According to Art. 148 127-FZ “On Insolvency (Bankruptcy)” the illiquid balance is transferred to the arbitration managers to the authorized local government bodies according to the act. If officials avoid accepting it, the act of acceptance and transfer can be replaced by a ruling of the arbitration court.
Ownership obliges to maintain the property and to be responsible for the harm caused by it (Article 210 of the Civil Code). Provisions of Art. 148 127-FZ are aimed at avoiding cases of ownerlessness of property and protecting public interests.
After drawing up the interim liquidation balance sheet
After the interim liquidation balance sheet has been drawn up, it must be approved by the persons who made the decision on liquidation. To do this, they need to draw up a protocol (decision) on approval or put the appropriate marks directly on the balance sheet.
As soon as the interim balance is approved, the tax office must provide:
- notarized notification in form P15016;
- interim liquidation balance sheet.
In addition, many Federal Tax Service may additionally require:
- protocol (decision) on approval of the interim liquidation balance sheet;
- documents confirming publication in the Vestnik
.
Briefly about the liquidation procedure
Liquidation of a legal entity is a procedure that should lead to the complete cessation of the activities of a commercial entity. Liquidation should not be confused with merger, reorganization, etc. The legislative procedure is regulated by the Civil Code of our country.
In general, the mechanism for liquidating an enterprise can be presented as follows:
- Approval of the decision that the entity needs to be liquidated. Adopted on the basis of the decision of the governing body. This may be the Board of Shareholders, Directors and other management bodies;
- Informing the territorial tax inspectorate that the company is undergoing liquidation proceedings;
- Creation of a functioning liquidation commission;
- Informing the public that the company is going to cease operations. This is done through television or print media;
- Mandatory provision of a complete inventory of both fixed assets and other material assets. An inventory of accounts, reconciliation of mutual settlements, etc. is carried out. Based on the results of the inventory, measures are taken to collect all existing customer receivables;
- An interim liquidation balance sheet is compiled ();
- Whenever possible, settlements with creditors are made. Priority debts are repaid;
- The final liquidation balance sheet is compiled;
- The assets remaining after repayment of all debts and sale are distributed among the co-founders of the enterprise;
- State registration of liquidation of an enterprise.

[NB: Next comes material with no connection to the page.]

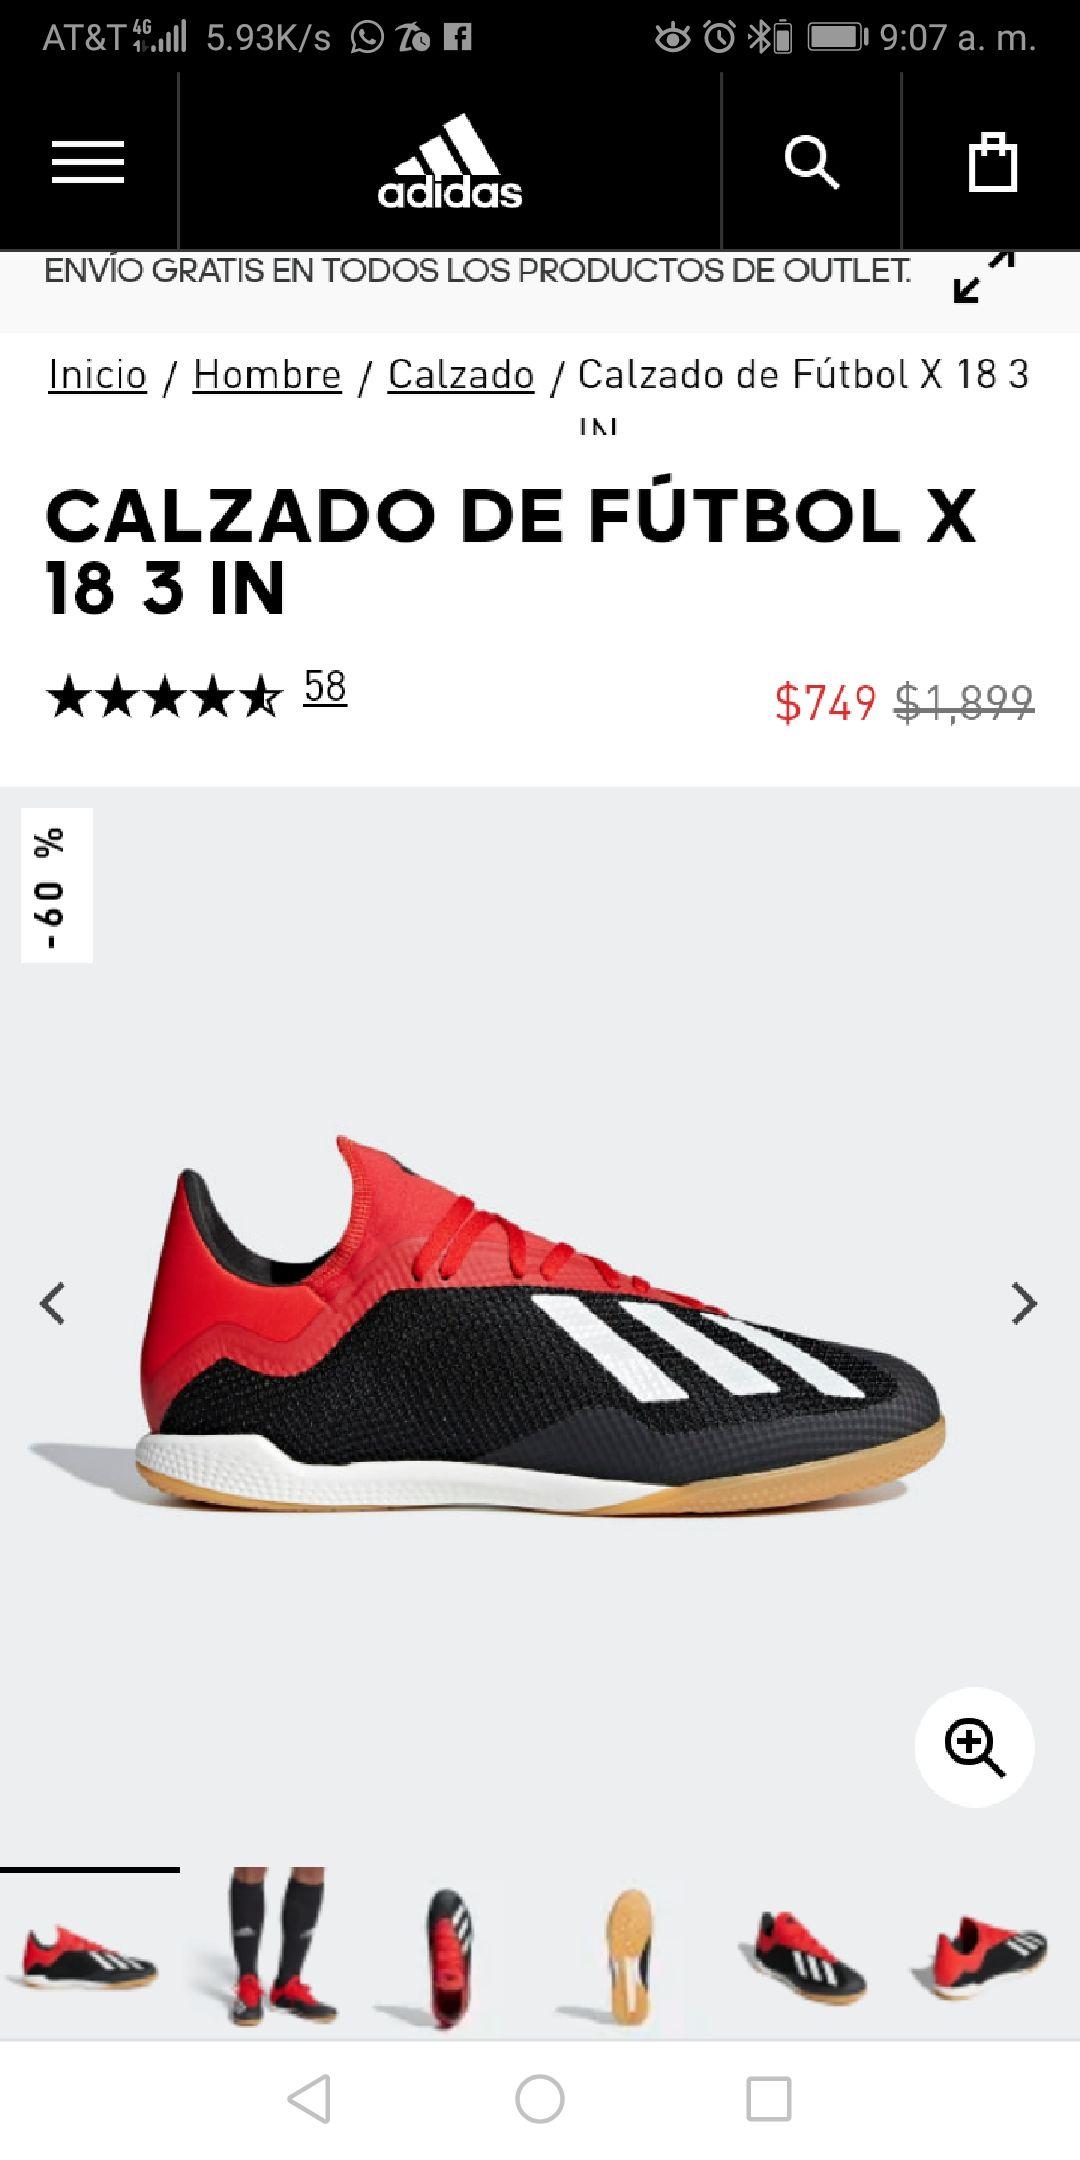 Adidas: Calzado de Fútbol x 18 3 In, de $1,899 a $749

Based on the presented algorithm of actions, we can conclude that during the entire liquidation, not one, but two, liquidation balance sheet is created: liquidation and final.
The company informs the tax service about all its actions. There is a strictly approved form - form P15001 (). There is nothing difficult in filling out, but if you have any questions, you can.

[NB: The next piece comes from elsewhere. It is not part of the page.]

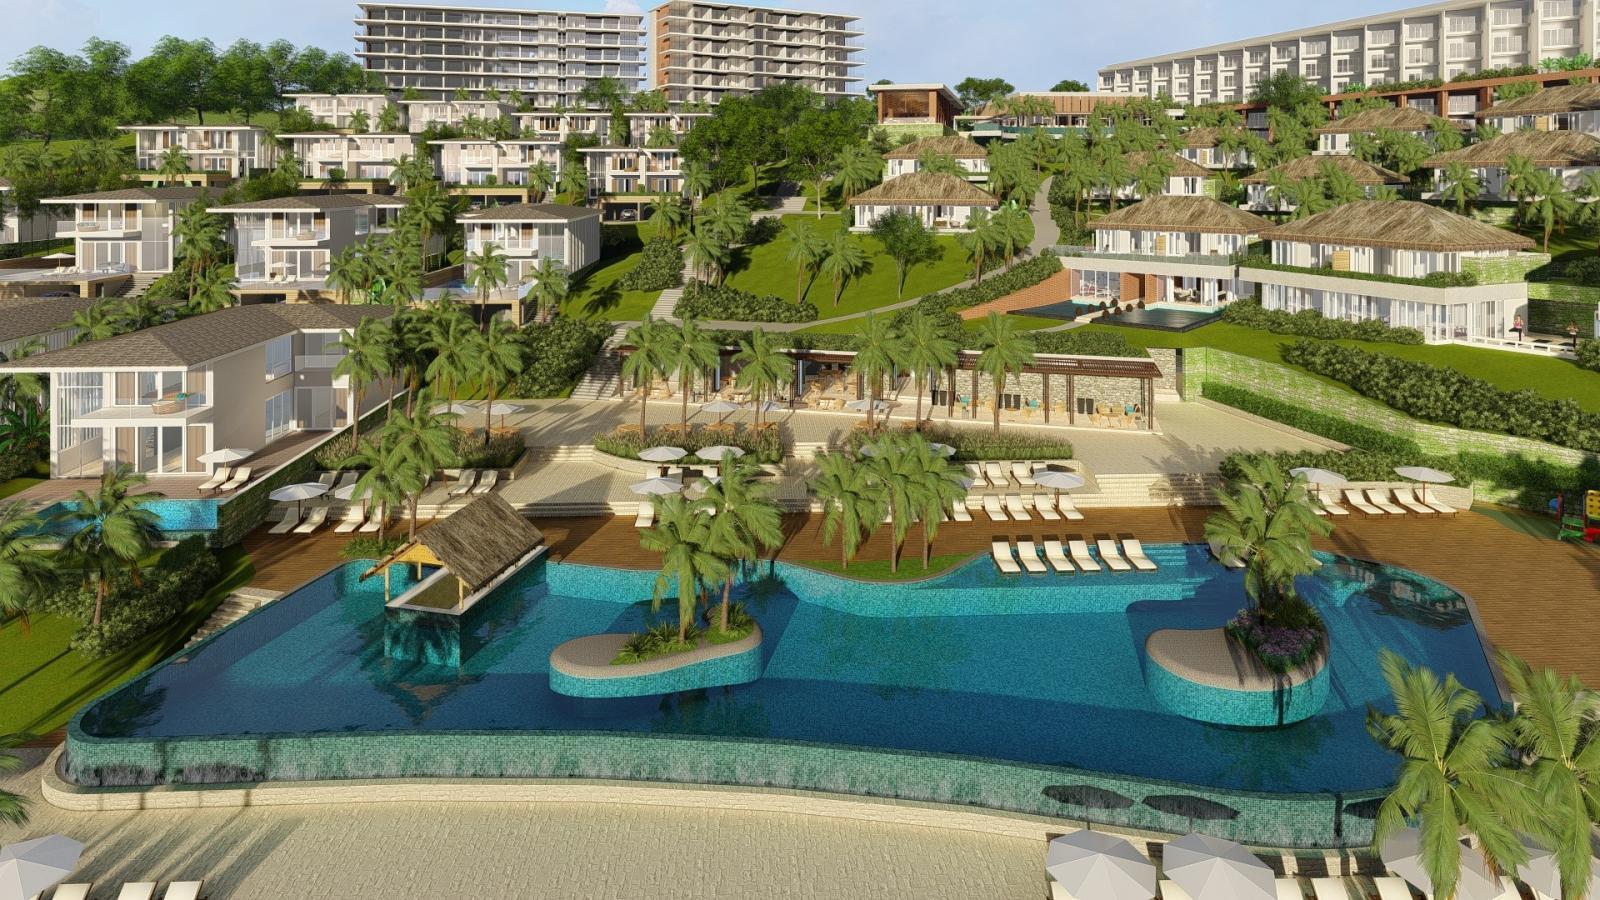 dự án bất động sản nghỉ dưỡng gồm nhiều biệt thự có cây xanh xen kẽ

Next, we’ll talk about what an interim liquidation balance sheet is, what its form is and how to fill it out.
How and who should correct an error in a company’s liquidation balance sheet during reorganization
Last year there was a reorganization (merger). One organization has submitted a liquidation balance sheet, and the other has an interim balance sheet. When preparing the annual balance sheet, it turned out that errors were made in the liquidation balance sheet (balances changed), accordingly, the interim balance sheet also needs to be corrected. Do I need to take the correction in this case, or since I passed it, should I now show all the corrections in the annual?
Since during a merger the activities of the reorganized organization are terminated, the correction of errors made in the liquidation balance sheet must be made by the successor organization (reflected in a document - an accounting certificate). It is advisable for the successor organization to reflect the correction of the error in its annual balance sheet (accounting entry as of December 31) before its approval.